By definition, the entropy is defined as:
entropy <- function (p) sum(-p * log(p))
I'm performing LCA using the poLCA package and trying to calculate entropy, which for some of my models are outputting NaN.
error_prior <- entropy(lca2$P) # Class proportions model 2
error_post <- mean(apply(lca2$posterior, 1, entropy), na.rm = TRUE)
results[2,8] <- round(((error_prior - error_post) / error_prior), 3)
From the answer to this question: Entropy output is NaN for some class solutions and not others, I learnt that it is caused by zeros in p and it can be resolved by adding na.omit to the function as follows:
entropy <- function (p) sum(na.omit(-p * log(p)))
My question is - is this technical tweak mathematically valid without affecting the integrity of the calculation?
In my case, around 1/3 of the values in p are zeros. I'm really unsure if I should use na.omit or find another way to resolve this problem.

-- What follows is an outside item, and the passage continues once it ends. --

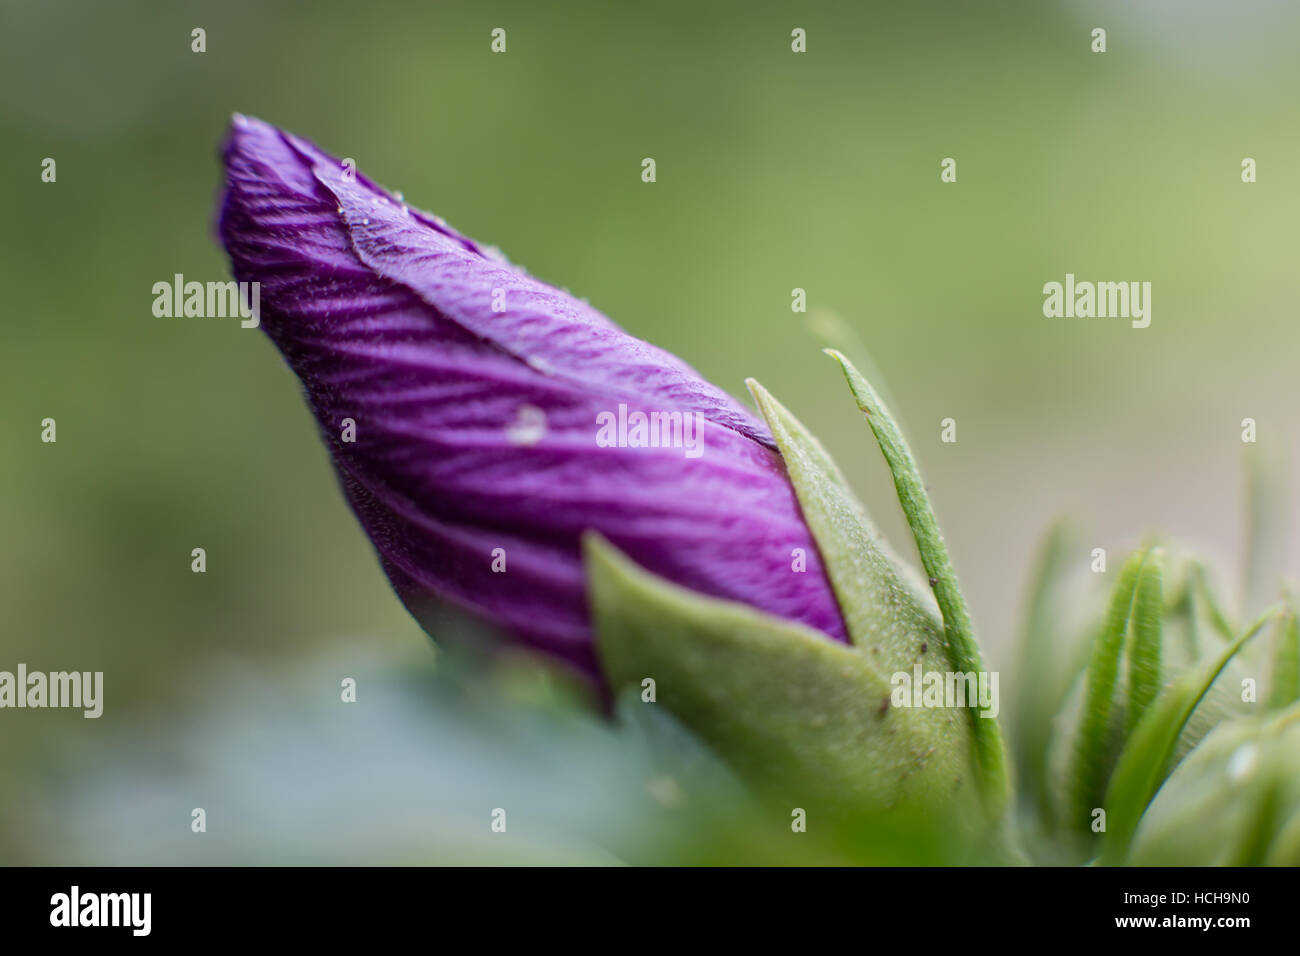 Chiuso purple rosa di Sharon germoglio di fiore che mostra la texture nella spirale arricciata di petali Foto Stock

CodePudding user response:
It is valid, but not transparent at first glance. The reason is that the mathematical limit of xlog(x) as x -> 0 is 0 (we can prove this using L'Hospital Rule). In this regard, the most robust definition of the function should be
entropy.safe <- function (p) {
if (any(p > 1 | p < 0)) stop("probability must be between 0 and 1")
log.p <- numeric(length(p))
safe <- p != 0
log.p[safe] <- log(p[safe])
sum(-p * log.p)
}
But simply dropping p = 0 cases gives identical results, because the result at p = 0 is 0 and contributes nothing to the sum anyway.
entropy.brutal <- function (p) {
if (any(p > 1 | p < 0)) stop("probability must be between 0 and 1")
log.p <- log(p)
## as same as sum(na.omit(-p * log.p))
sum(-p * log.p, na.rm = TRUE)
}
## p has a single 0
( p <- seq(0, 1, by = 0.1) )
#[1] 0.0 0.1 0.2 0.3 0.4 0.5 0.6 0.7 0.8 0.9 1.0
entropy.brutal(p)
#[1] 2.455935
entropy.safe(p)
#[1] 2.455935
## half of p are zeros
p[1:5] <- 0
p
#[1] 0.0 0.0 0.0 0.0 0.0 0.5 0.6 0.7 0.8 0.9 1.0
entropy.brutal(p)
#[1] 1.176081
entropy.safe(p)
#[1] 1.176081
In conclusion, we can use either entropy.brutal or entropy.safe.